CoSORT resolves complex conditions based on inter- and intra-field
events, removes duplicates, and separates data into different outputs
and structures
The parallel coroutine sort engine distributes the data across
multiple CPUs to provide the fastest possible reordering of the
virtual data based on specified key fields and collating sequences.
The results are merged and prepared for output mapping.
SortCL expedites and eases the pain of large-scale conditional
selection and reformatting. It uses intuitive command syntax and
symbolic field references, along with references to centralized
data dictionaries (where the metadata are defined and stored), to
make output field and file layouts simple to declare and modify.
Remapping from input to output includes field repositioning, resizing,
padding, mathematical operations, as well as data type conversion
and aggregation.
While fixed or variable position fields are mapped from input to
output, their data can be relocated, resized, and converted by type;
e.g., from EBCDIC to ASCII, or from mixed packed decimal to signed
and zoned decimal. This eliminates the many mainframe binary forms
undesirable for subsequent data propagation, mining and access tools
running on open systems.
Counts, sums totals, averages, maximum and minimum values based
on multiple inter- and intra-record break conditions are possible
using SortCL to produce sophisticated EIS detail and drill-down
summary reports. SortCL's aggregation is also widely used
for ad hoc MIS reports.
Selecting, sorting, reformatting, and aggregating operational data
prepares it for database repopulation not only qualitatively, but
quantitatively as well-the amount of data going back in is vastly
reduced. 100 million rows can be aggregated down to 10 million,
for example, vastly improving the efficiency of a loading utility
like Red Brick's PTMU. This reduces future query and transaction
times on the new enterprise warehouse since the table data are now
in sorted order.
Rising to the Opportunities
The popularity of CoSORT in data warehousing is boosting the
visibility of the company, according to vice president of business
development, David Friedland. "IRI, Inc. (a.k.a., CoSORT) has been
a profitable, privately held company since 1978," says Friedland.

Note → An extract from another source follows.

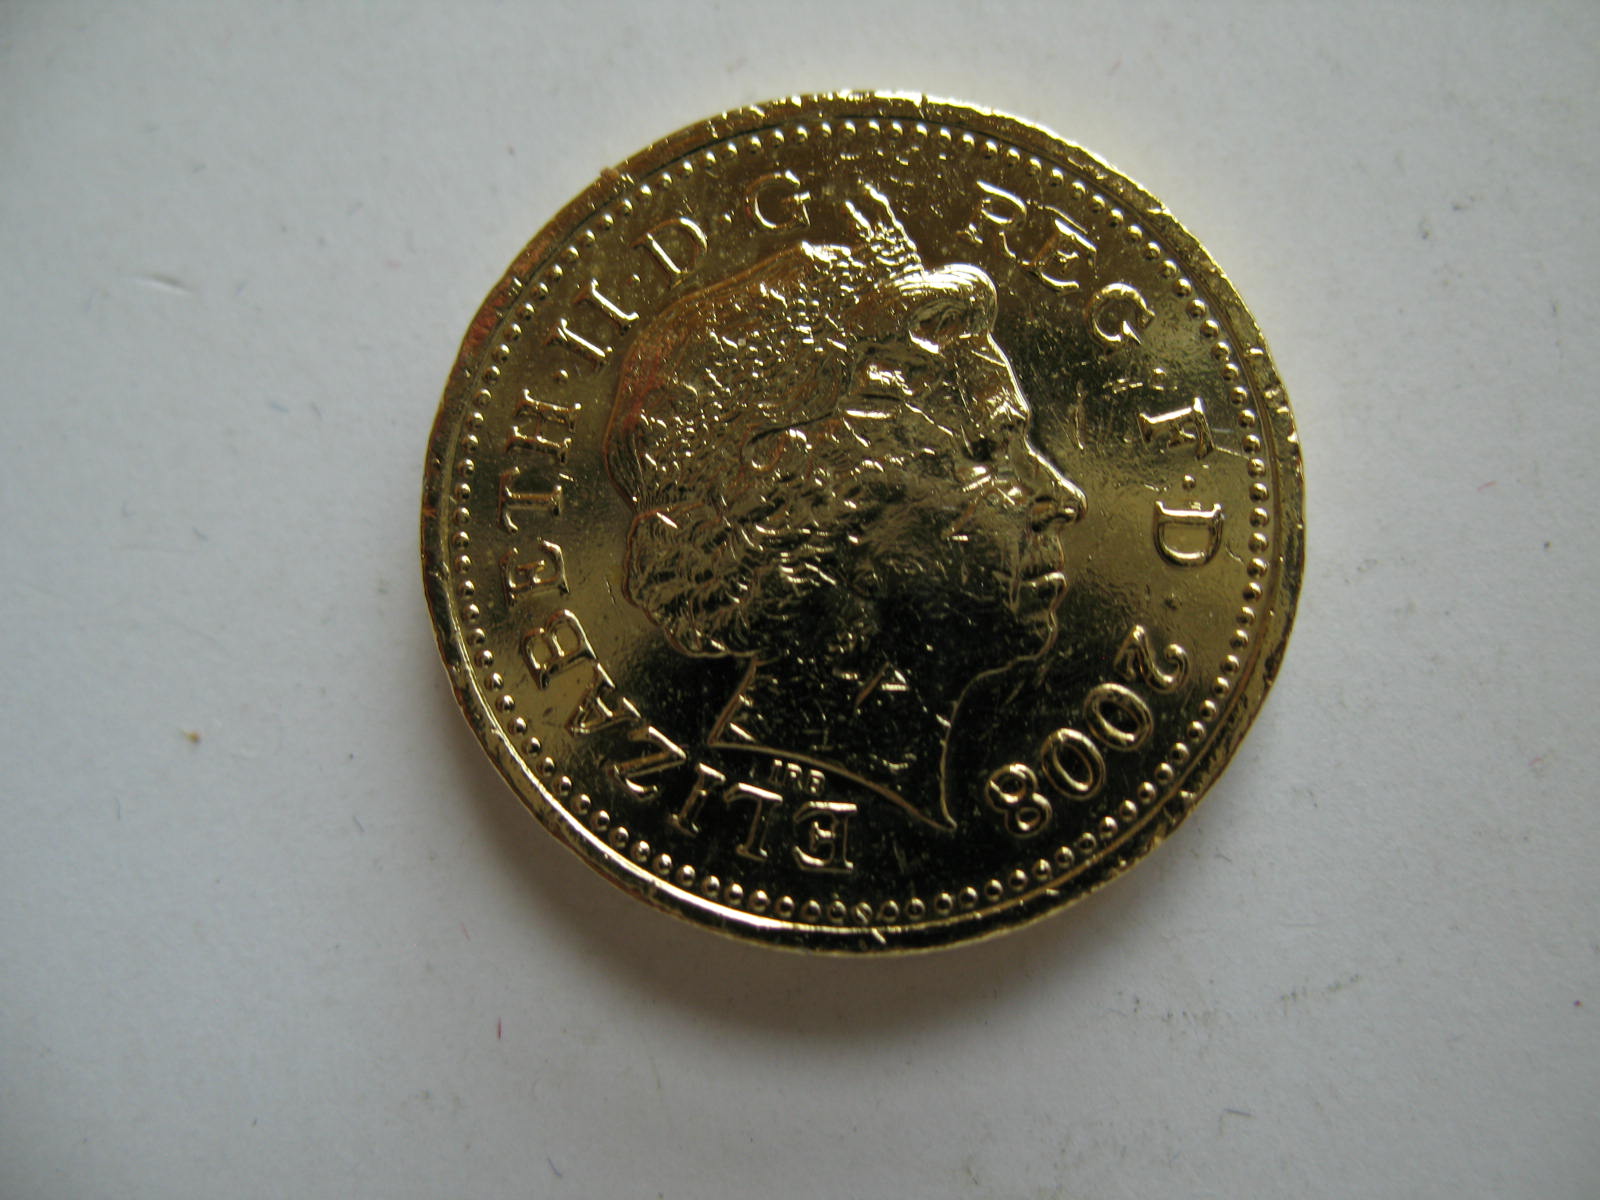 英镑硬币的宏观拍摄高清摄影大图-千库网

"We've grown to 20 outlets world wide caring for more than a thousand
customers without any external capital. That, plus the fact that
much of the product is silently embedded into other applications,
has limited awareness of the CoSORT brand. Nevertheless, the market
potential for CoSORT is too big not to more thoroughly exploit at
this point. Industry trends and alliances we're continuing to form
will combine to position the company and product line for more rapid
growth over the next 6-18 months."
As to the future of data warehousing IRI's McCaslin predicts trends
toward better tools and industry consolidation. "CoSORT is already
involved in Web logging and reporting warehouses because of the
explosive growth of web traffic and on-line transaction volumes.

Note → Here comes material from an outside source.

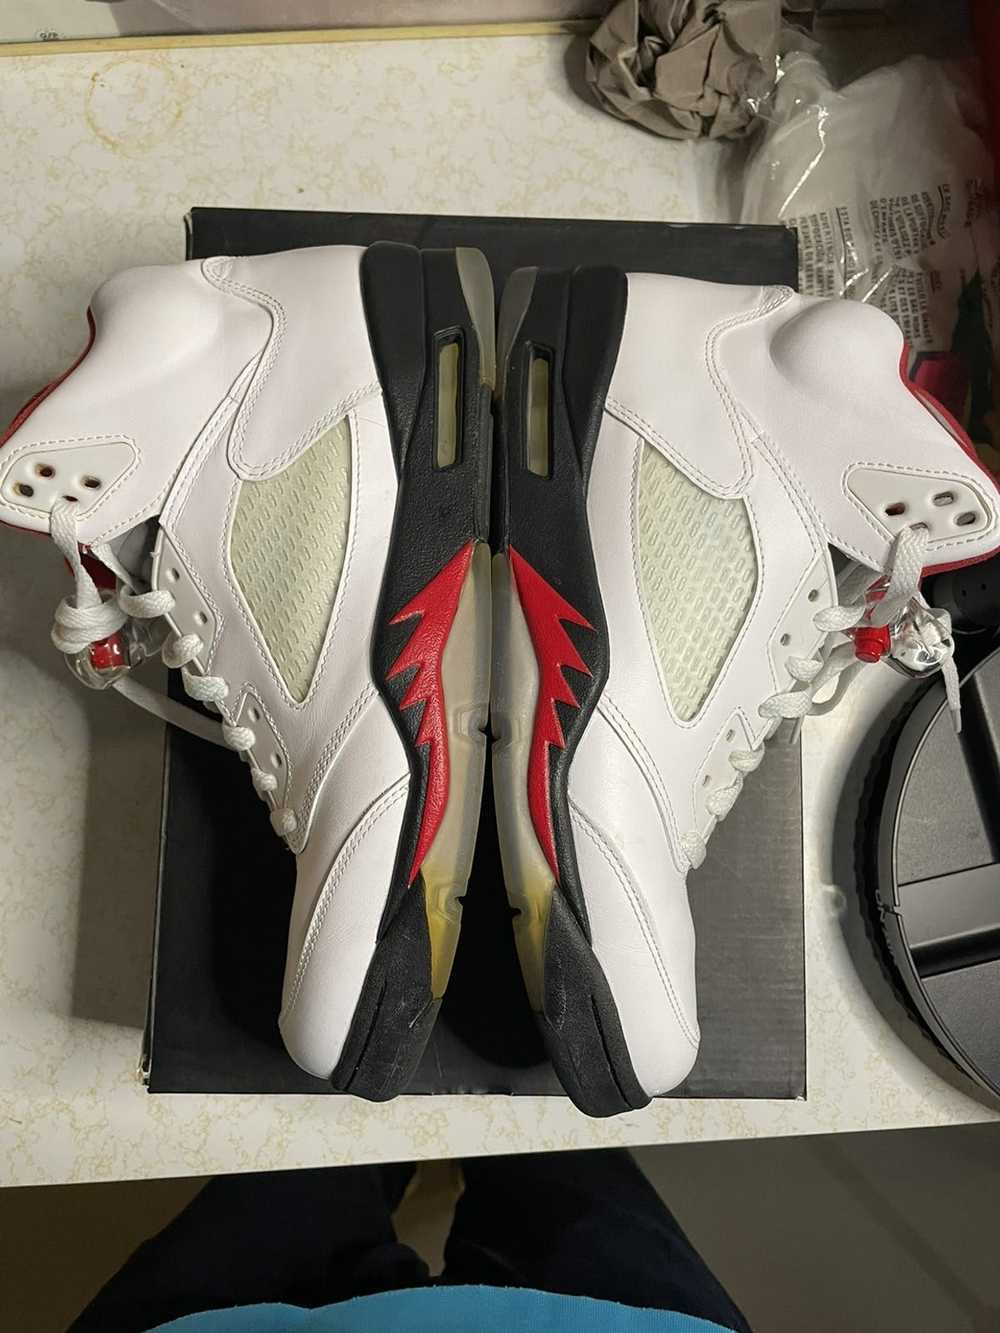 Jordan Brand Jordan Retro 5 “Fire Red” - image 3

So rather than the analysis of legacy archives, I think the growth
in data sources and the need for advanced extraction and transformation
will shift to EDI and more immediate trend/profile analyses."
Whatever the source of ingredients for the data warehouses and
data marts of the future, CoSORT's developers at IRI are likely
to be in the kitchen, cooking up essential tools to whip large volumes
of data into digestible chunks and palatable forms.